В благословенные позднесоветские времена, когда главной проблемой было достать какой-нибудь «дефицит» (не важно что – финские сапоги или туалетную бумагу), советский человек оказался окруженным настолько мирной и безопасной жизнью, что ему даже в голову не мог прийти, что она может быть устроена иначе. Для него любое иное положение выглядело аномалией – хотя реально аномалией было как раз данное «безопасное общество», кардинально отличающееся от всего, что было в человеческой истории. На самом деле, как уже не раз говорилось, подобное состояние было однозначным достижением, несущем немало благ – особенно в том случае, если бы оно было доведено до своего логического завершения. Но, тем не менее, у подобного, несомненно благого, мира, был и определенный недостаток. А именно – в его рамках было очень и очень тяжело понять ощущение людей, в это самое «безопасное общество» не включенных. К которым относились и жители стран Третьего мира, и, что самое главное, собственные предки. (Причем, недавние – разница была буквально в поколение, то есть, не понимали своих отцов и матерей.)

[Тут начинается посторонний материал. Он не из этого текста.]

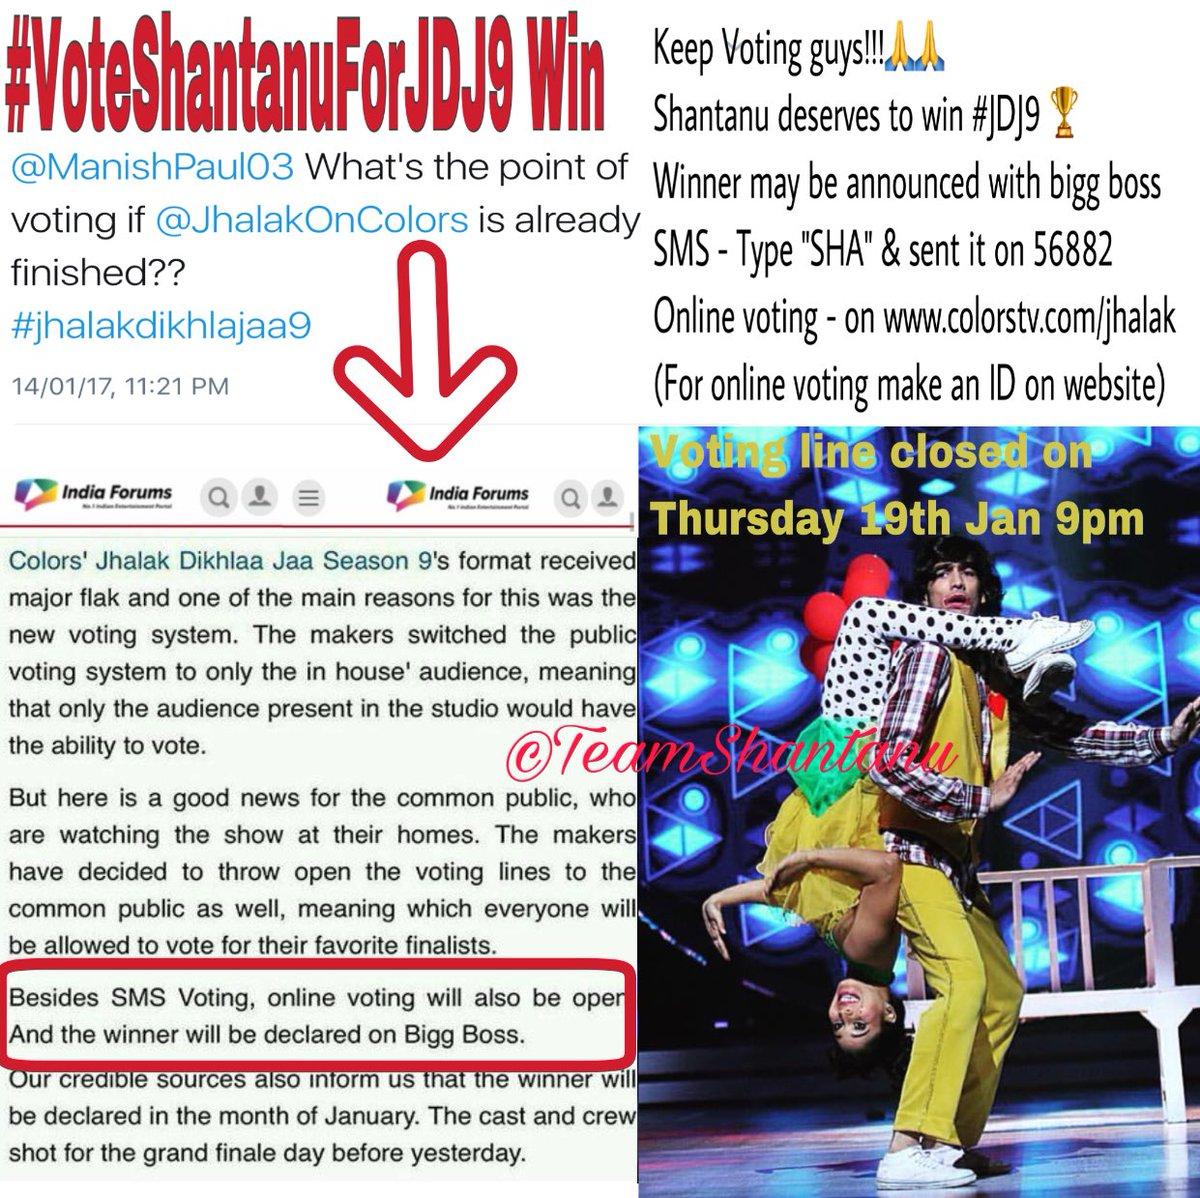 Colors website bigg boss 9 voting - Keep Voting 4 Shantanu As Jdj9finale Has Already Shot But Winner Will Be Announced Wid Bb10 By Indiaforums Jdj9pic Twitter Com Dsd4bp17ew

Причем, самое главное непонимание тут касалось вопросов изменения мира – то есть, источников исторического движения. Почему – понятно: ведь для позднесоветского человека окружающая реальность выглядела настолько теплой и комфортной, что казалось, что любые изменения должны нести лишь благо. Однако, при этом, он прекрасно знал, что в истории дело обстояло совершенно не так, что в мире случались войны, революции, голод и разруха… Поэтому требовалось создание особой теории, должной совместить господствующие представления с указанным фактом. Таковой теорией и стал миф о неких мерзких фанатиках, на которых и лежит основная вина за все человеческие беды и напасти. Дескать, есть такие нехорошие люди, которых хлебом не корми – но дай разрушить существующий мир. (Вообще, сама идея «хорошего» или «нехорошего» человека представляет собой отдельный «супермиф», о котором надо говорить отдельно.) По каким причинам они это должны желать – не особенно важно, хотя обыкновенно считалось и продолжает считатся, что это «особенность их психики». Впрочем, в любом случае, эта самая страсть к разрушению неизбежно приводит фанатиков к конфликту с окружающим миром – и тут или мир должен «дать по рогам» извращенцу, или они его приведут к неизбежной гибели.
* * *
Разумеется, самыми «известными» из фанатиков для позднесоветского человека были фашисты. Причина проста – даже для СССР 1970-1980 годов Великая Отечественная война все равно оставалась одним из самых больших бедствий в истории. (В стране почти не было семьи, которую бы обошли тяжелые потери в ней.) Однако при этом внятных объяснений данного феномена в почти не существовало… То есть, конечно, официальная пропаганда заявляла там что-то о сговоре промышленников и банкиров, но данная концепция для позднесоветского человека категорически не подходила. Во-первых, потому, что он давно уже привык не доверять официальной пропаганде. А, во-вторых, о том, что представляют собой банкиры и промышленники, этот самый человек не имел ни малейшего представления. (Единственным источником информации о данном явлении было искусство – а в нем, как известно, классовым вопросам никогда не уделялось должное внимание. ) В результате чего гораздо более подходящей для позднесоветского мышления оказалась «альтернативная» точка зрения, гласящая о том, что суть фашизма состоит в том, некая группа «нехороших людей» - то есть, собственно, фашистов – сумела таинственным образом «захватить сознание» большинства немцев и заставить их полюбить свою идеологию.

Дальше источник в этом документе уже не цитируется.